Riikka Hofmann, a lecturer at Cambridge University’s faculty of education, where she researches educational change, told CNN: “The reasons for the success of any education system are always complex, contextual and there is always the danger of post-hoc explanation.”

She added that the interesting thing about Finland’s education system is that “it was not developed into its current form in order to tick boxes of success, but in order to be supportive of all children’s learning.”

Hofmann said that “we do not know whether things that work in one cultural and policy setting will work the same way in another” but pointed out that HEI Schools is instead trying to allow for its model to develop in a “co-constructive” way through its implementation by teachers in different countries.

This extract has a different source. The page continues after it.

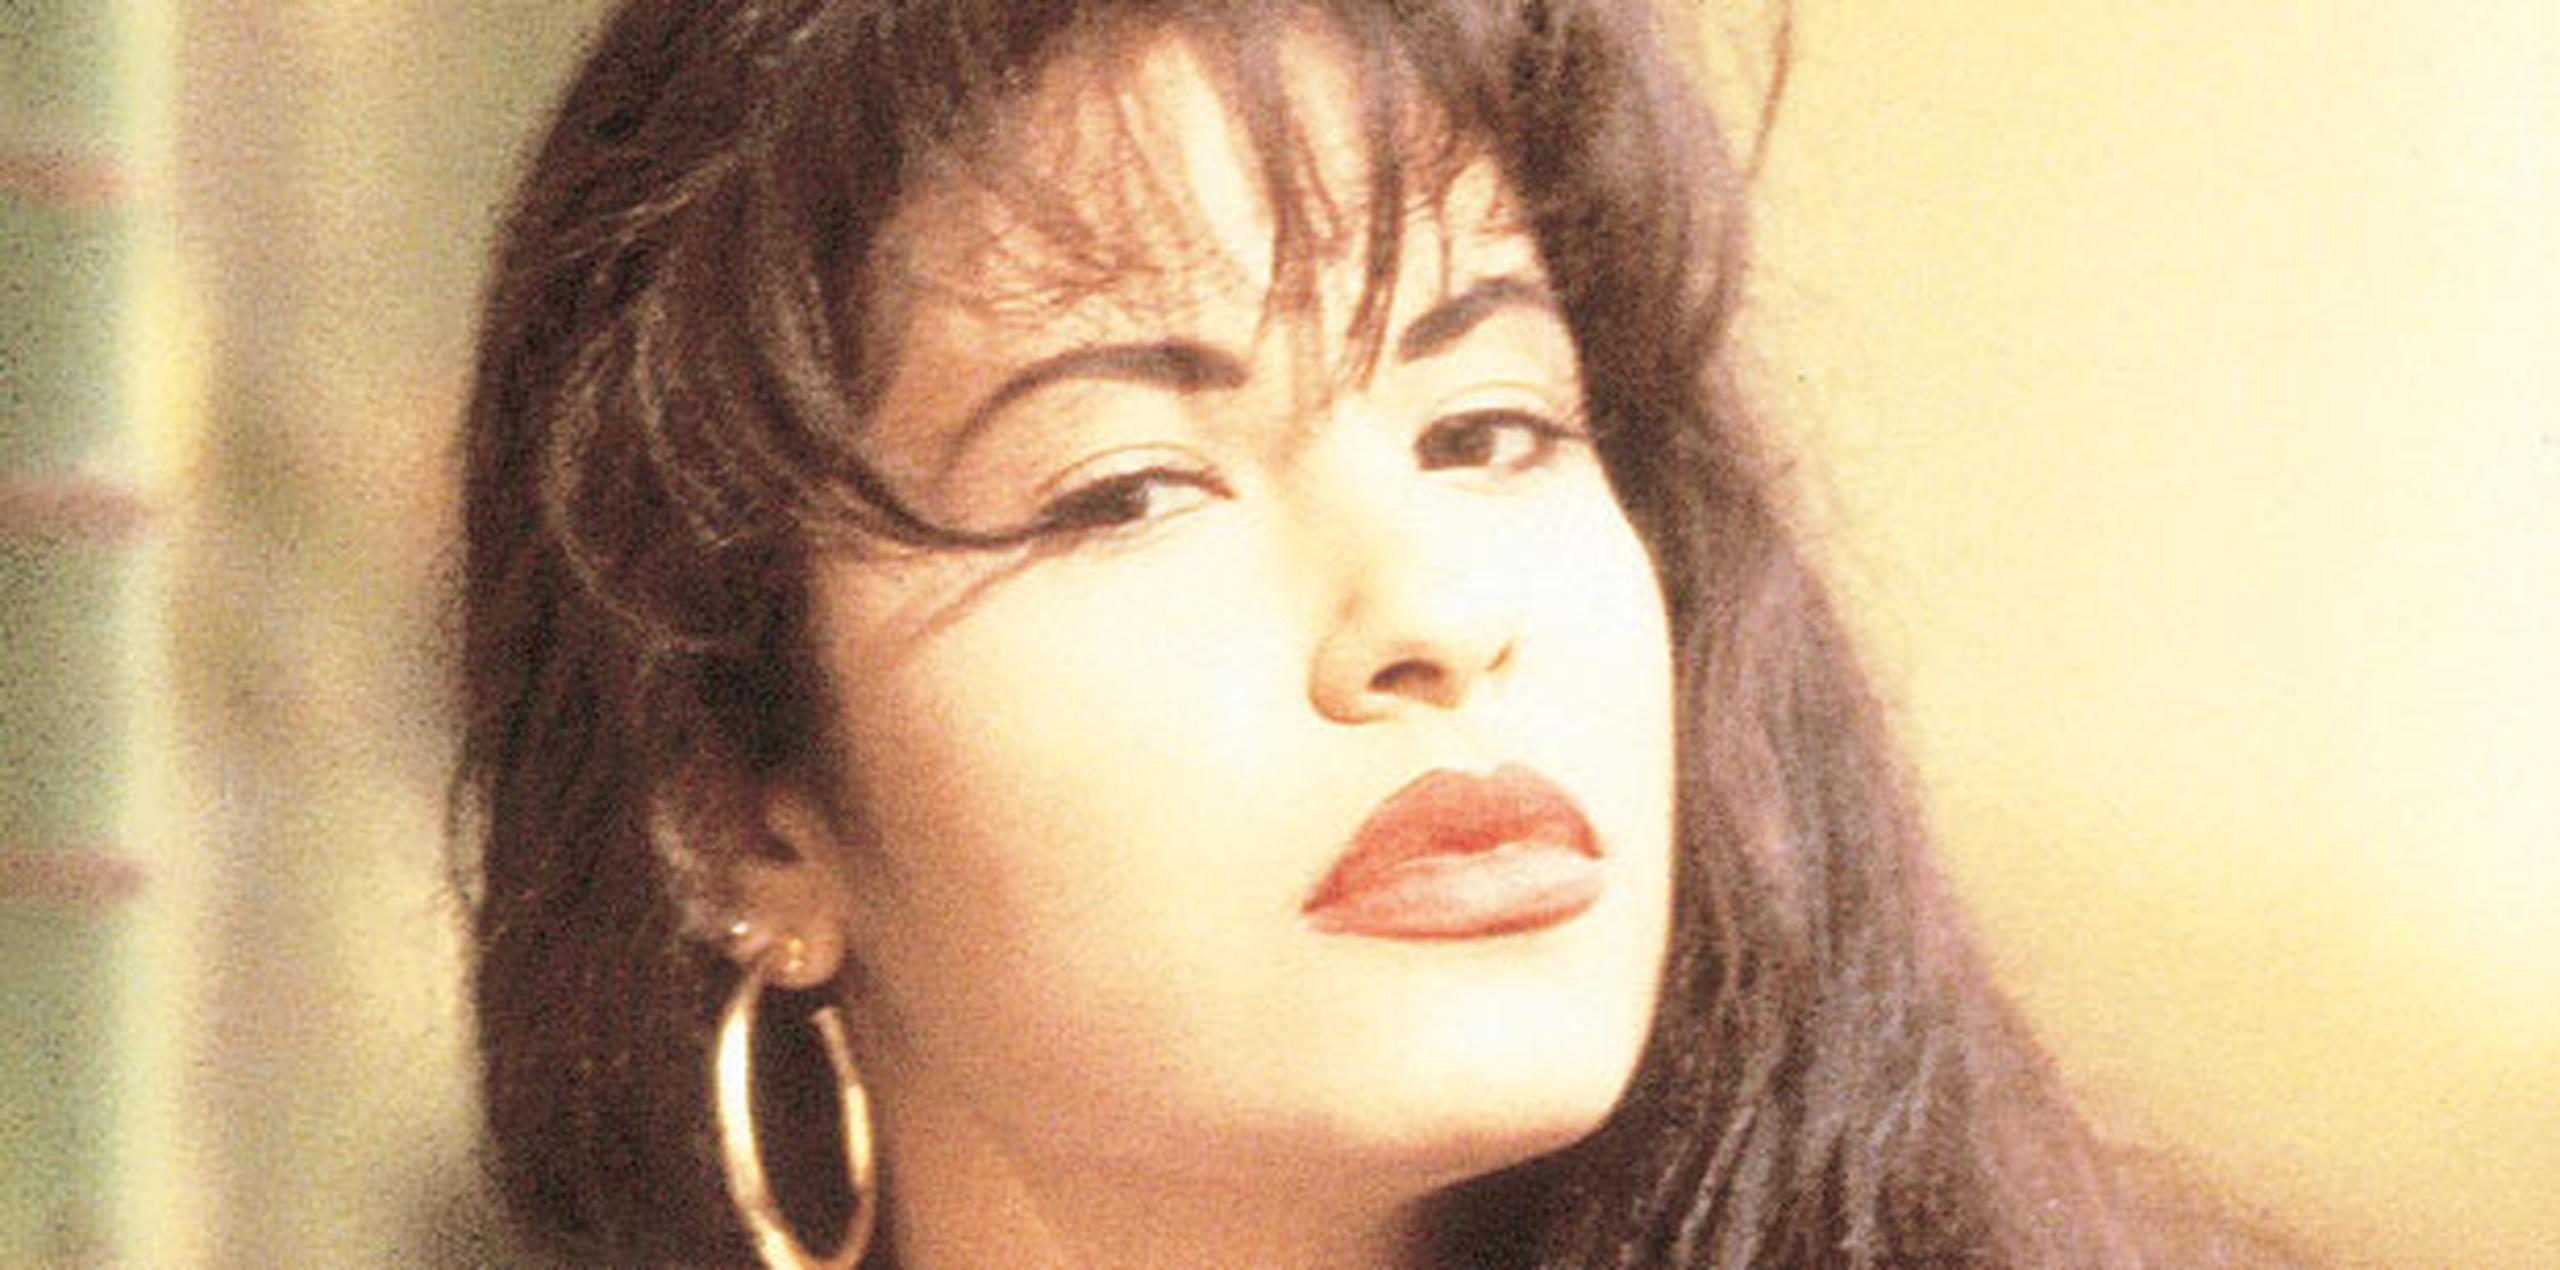 Conocida sencillamente como Selena, la cantante y compositora tejana derribó barreras para las mujeres en la música latina y allanó el camino para una nueva generación de artistas contemporáneas de ascendencia latinoamericana . (Archivo)

One place with an almost diametrically opposed educational culture is South Korea, where emphasis is placed on academic achievement within a hothouse system. Seolmi Lee, a parent at an HEI school in Seoul, said she had come to seek an alternative model after majoring in early childhood education herself.

Lee told CNN that she felt South Korean education was stuck in a traditional system where children operated within a “set framework with fixed answers.”

She had been impressed that “in Finnish education, children independently take the initiative to decide what kind of activity they would like to do, find answers within the play they choose, and finish the activity without a set time or framework.”

HEI Schools also uses Finnish designers and architects to build inspiring spaces.

By doing so, children “gained a huge sense of accomplishment and self-confidence, which eventually leads to the happiness of living.”

Every parent wanted their child to be happy, Lee said, adding: “I want to teach my child that happiness is something that she has to make herself, rather than somebody making it for her.”

Four years of play

Studies consistently prove a solid foundation in early years has a lasting, lifelong impact, according to Sue Palmer, a former head teacher, literacy expert and author of many books including “Toxic Childhood.”

Studies consistently prove a solid foundation in early years has a lasting, lifelong impact, according to Sue Palmer, a former head teacher, literacy expert and author of many books including “Toxic Childhood.”

Palmer told CNN: “My admiration for the Finns is for their education in general and the trust they put in teachers, but specifically for their absolutely remarkable pre-school provision.”

Palmer strongly believes the later starting age is key to Finland’s success and would like to see more countries follow suit. Two thirds of countries start school at six, 12% at 4-5 and just over a fifth – 22% – at seven, she said.

“Nobody in Finland expects children to be reading and writing formally until they are seven which means they get four years of play and early years pedagogy.

“There are a lot of children who are simply not developmentally ready and if you force them you can create a lot of problems.”